Chiang YP, Chikwe J, Moskowitz AJ, Itagaki S, Adams DH, Egorova NN. Survival and Long-term Outcomes Following Bioprosthetic vs Mechanical Aortic Valve Replacement in Patients Aged 50 to 69 Years. JAMA. 2014;312(13):1323-1329. doi:10.1001/jama.2014.12679.

Ivabradine ineffective as add-on therapy for stable ischemic heart disease  

20 Dec, 14 | by Alistair Lindsay

Ivabradine reduces heart rate without affecting blood pressure or left ventricular systolic performance. Given studies demonstrating a relationship between heart rate and cardiovascular risk, modifying heart rate with ivabradine may reduce risk in patients with coronary disease. In the Study Assessing the Morbidity–Mortality Benefits of the If Inhibitor Ivabradine in Patients with Coronary Artery Disease (SIGNIFY) trial, patients with coronary artery disease, a heart rate of 70 bpm or more, and without heart failure, were studied to assess whether they would benefit from ivabradine.
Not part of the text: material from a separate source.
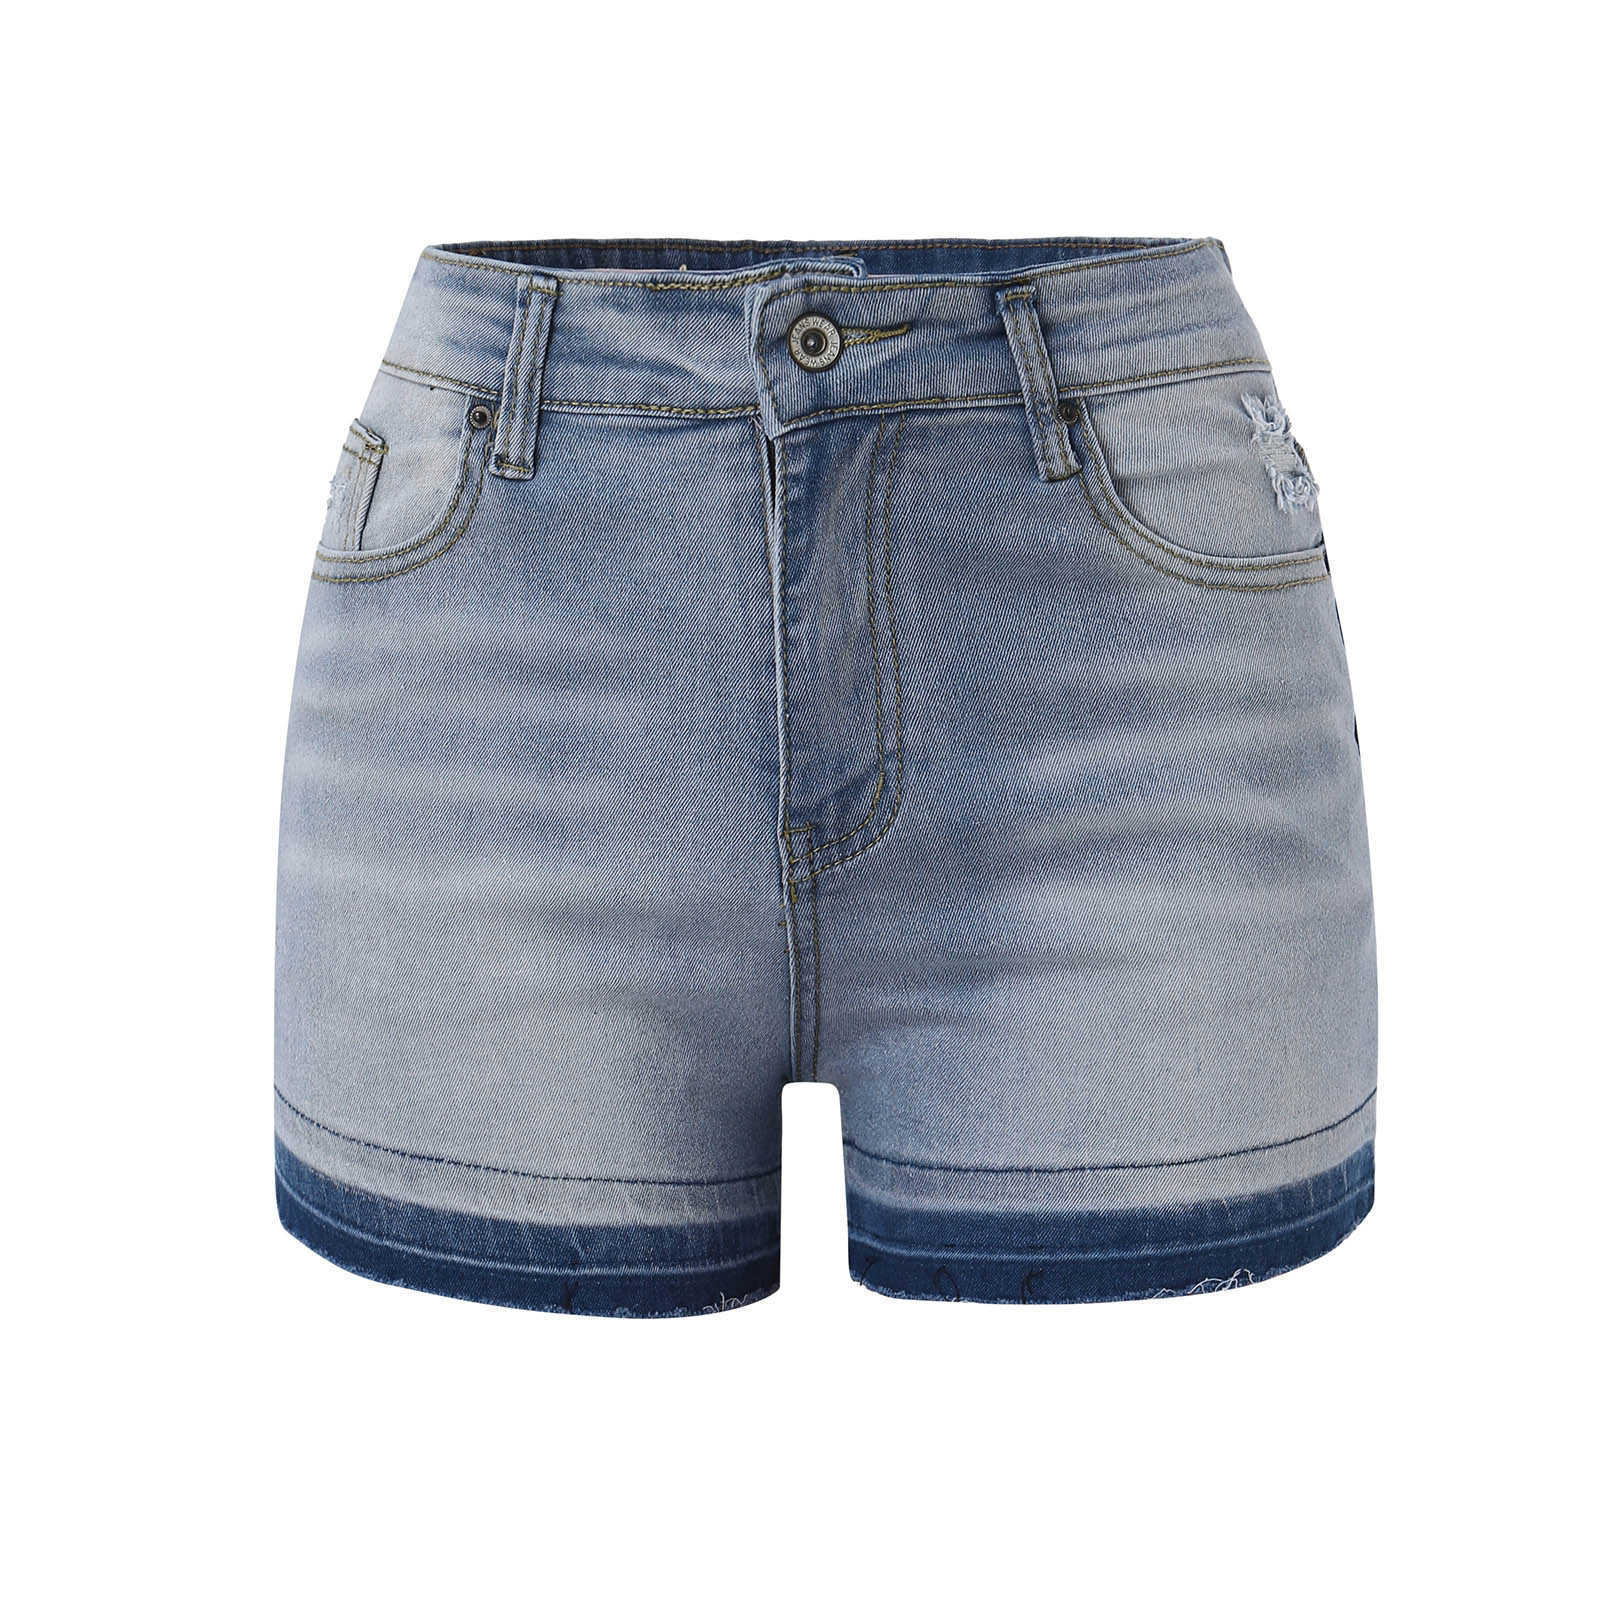 Шорты плюс размер летние женские женские модные одежда для модной одежды работа одежда для джинсовой шорты широкие джинсы женские джинсы P230530

In this large international randomized controlled trial,19102 eligible patients were randomized to placebo or ivabradine up to 10mg twice daily (mean dose 8.2±1.7 mg twice daily) in addition to standard therapy that included beta-blockers in over 80% of patients. The dose of ivabradine was titrated to achieve a resting heart rate between 55 and 60 bpm and the primary end-point was a composite of death from cardiovascular causes or nonfatal myocardial infarction. At a median follow-up of 27.8 months, there was no significant difference between ivabradine and placebo in the incidence of cardiovascular death or non-fatal myocardial infarction (6.8% and 6.4%, respectively; HR 1.08; 95% CI, 0.96 to 1.20; P=0.20). Ivabradine was associated with an increased rate of adverse events, including symptomatic bradycardia (7.9%, vs. 1.2%; p<0.001) and atrial fibrillation (5.3% vs. 3.8%; p<0.001).
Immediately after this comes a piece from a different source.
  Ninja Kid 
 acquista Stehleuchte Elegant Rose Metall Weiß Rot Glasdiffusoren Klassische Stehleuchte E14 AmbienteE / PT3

Conclusion: In patients with stable coronary artery disease, the addition of ivabradine to standard therapy did not reduce rates of cardiovascular death or non-fatal myocardial infarction and increased rates of adverse events. These findings also highlight that heart rate is likely a marker, rather than a mediator, of cardiovascular risk.

Summarized by Hussain Contractor and Steven M. Bradley

Fox K, Ford I, Steg PG, Tardif JC, Tendera M, Ferrari R; SIGNIFY Investigators. Ivabradine in stable coronary artery disease without clinical heart failure. N Engl J Med. 2014 Sep 18;371(12):1091-9.